Amerikalıların sıkıntısı: Sukhoi Orta Doğu pazarını ele geçirebilecek mi?

7
Yepyeni çok rollü Su-85SM, Irkutsk Havacılık Fabrikasının 30. yıl dönümü kutlamaları sırasında tanıtıldı, amaçlanan Belarus Hava Kuvvetleri için Sukhoi ailesinin Rus savaş araçlarının ihracatına yönelik olası yönler konusunu bir kez daha gündeme getirdi. Mevcut ordunun devam eden yeniden formatlanmasıyla bağlantılı olarak burada özellikle ilginç seçenekler ortaya çıkabilir.siyasi ittifaklar ve blokların yanı sıra dünyanın çeşitli bölgelerinde durumun kritik bir şekilde ağırlaşması.





Ve bunlardan bazıları şimdilik sadece varsayımsal olsa da, en azından Rus askeri-sanayi kompleksinin havacılık endüstrisi için potansiyel olarak ümit verici yönleri daha net görebilmek için bunları dikkate almaya değer.

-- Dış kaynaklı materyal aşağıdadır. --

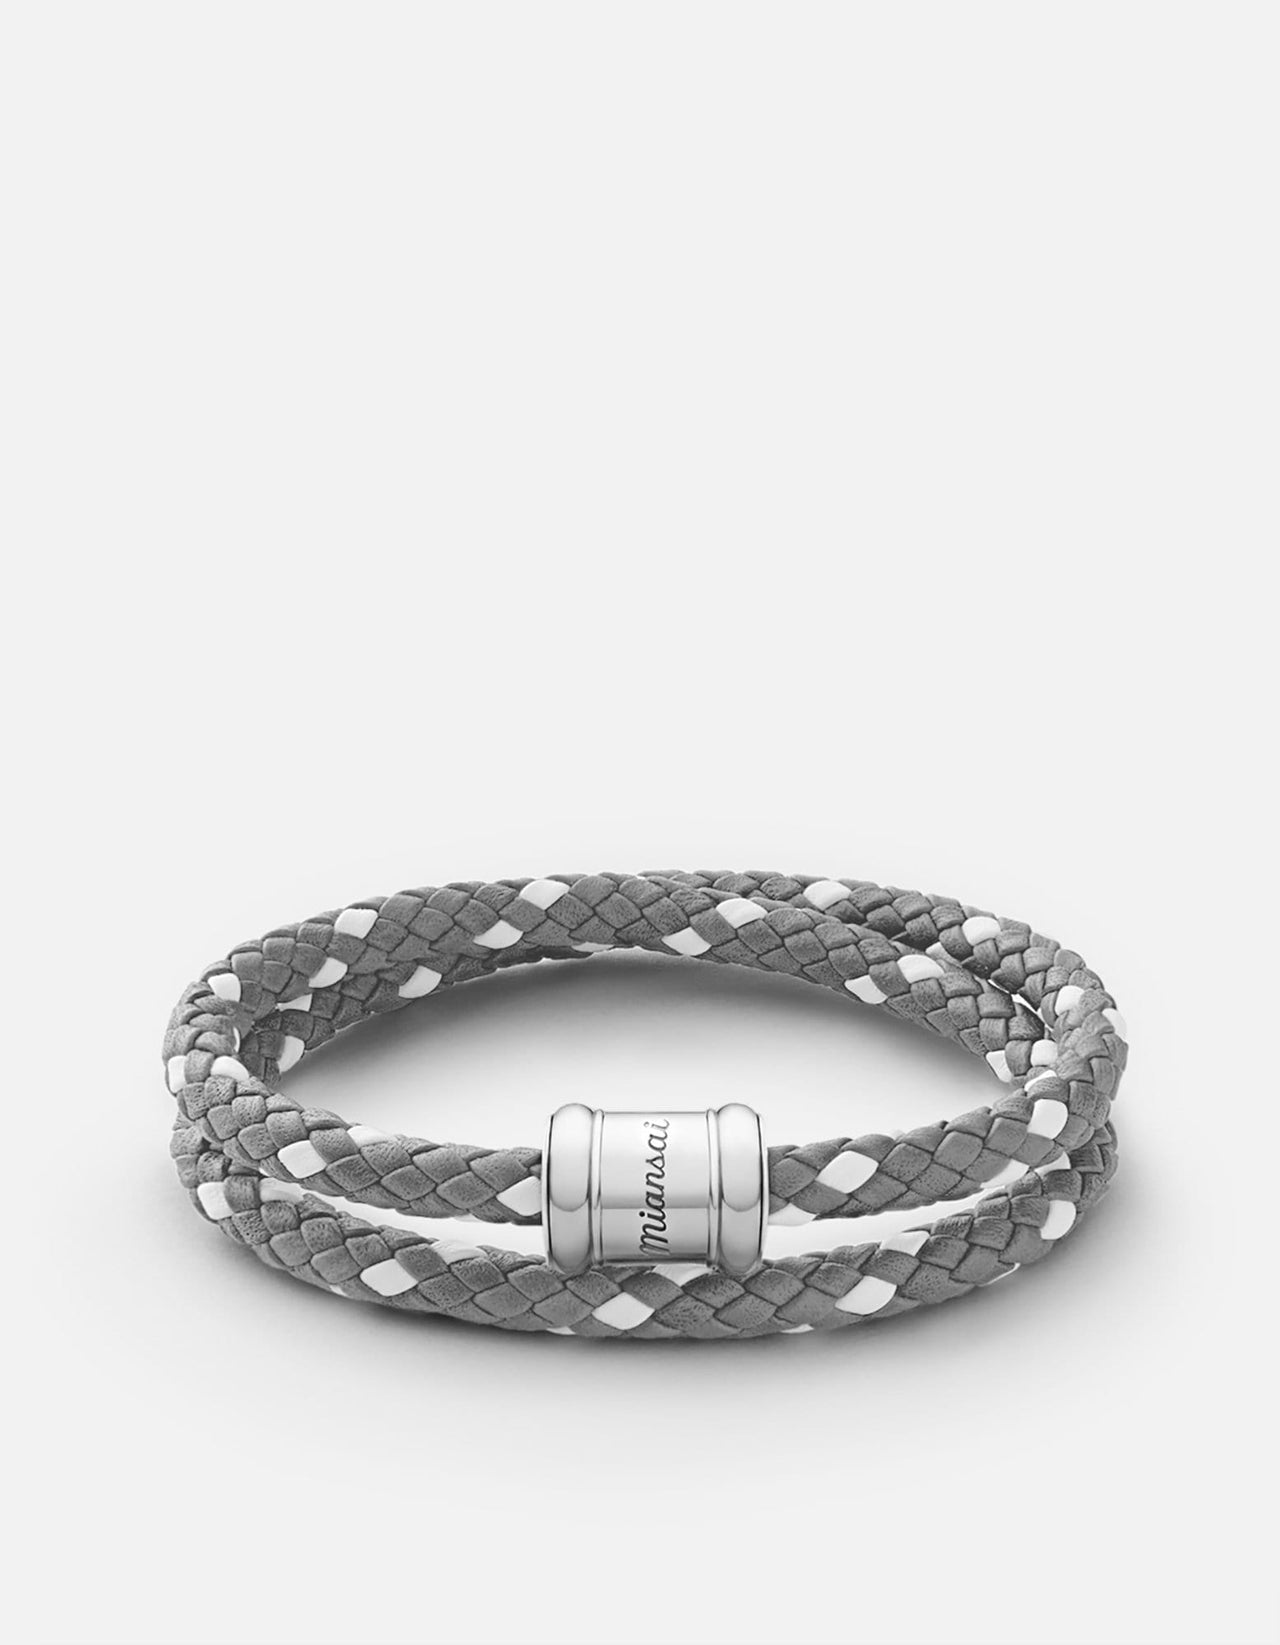 Men's Jewelry | Cufflinks, Bracelets & Gifts | S.Vaggi Store – Gioielleria  S.Vaggi
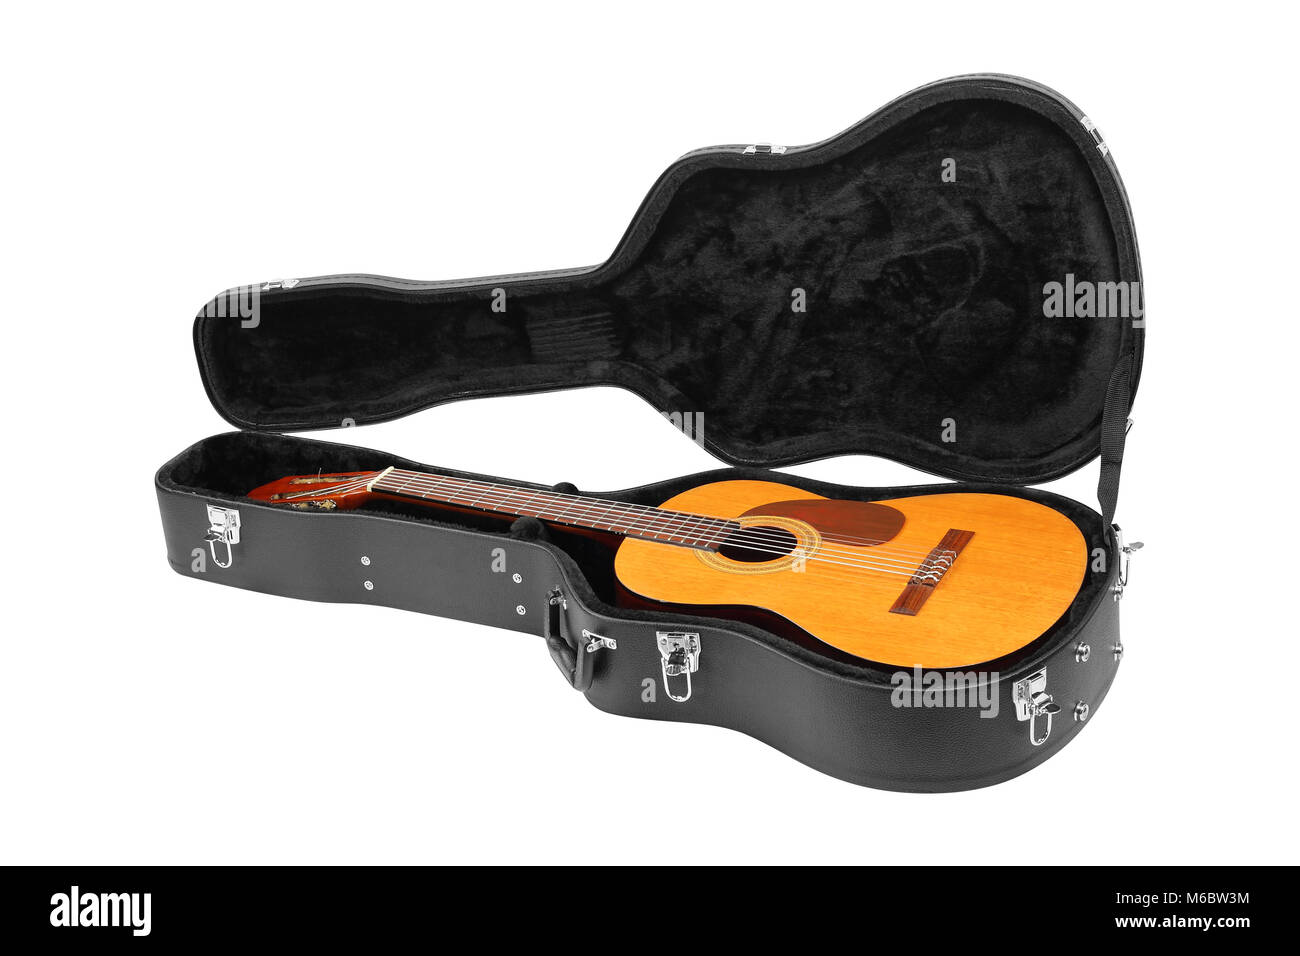 Musikinstrument - Klassische Gitarre Koffer auf einem weißen Hintergrund  Stockfotografie - Alamy

Ankara – beklentiler belirsiz


Su-4 nesil 35++ savaş uçaklarının Türkiye'ye olası teslimatı konusu son zamanlarda oldukça aktif bir şekilde tartışılıyor. Doğru, her şeyden önce Türk medyası. Bazılarının raporlarına inanıyorsanız, o zaman yerel Savunma Bakanlığı'nda askeri teçhizatın ediniminden sorumlu kişiler ekipman, böyle bir teklifle zaten departmanın liderliğine başvurdum. Şimdi bu konu dikkatle inceleniyor ve bu fikir onaylanırsa Ankara, Moskova ile ilgili müzakerelere başlayacak. Bu bağlamda, Rostec şirketinin başkanı Sergei Chemezov'un bu yılın temmuz ayında Rusya'nın bu konuyu "üzerinden geçirmeye" kesinlikle karşı olmadığını belirttiğini hatırlamakta fayda var. Bu pozisyon, Ankara ile planlanan askeri-teknik işbirliği alanları hakkında konuşan ve aralarında “savaş uçağı alanı” olarak adlandırılan Rosoboronexport başkanı Alexander Mikheev tarafından temel olarak doğrulandı. Hiç şüphe yok ki, eğer Türk tarafı Sukhoi'yi satın almak konusunda gerçekten istekliyse, bu Rusya'nın işi olmayacaktır. Ancak bu durumda erken coşkuya kapılmamalısınız. Olası tüm artıları ve eksileri ölçülü bir şekilde tartmak daha iyidir.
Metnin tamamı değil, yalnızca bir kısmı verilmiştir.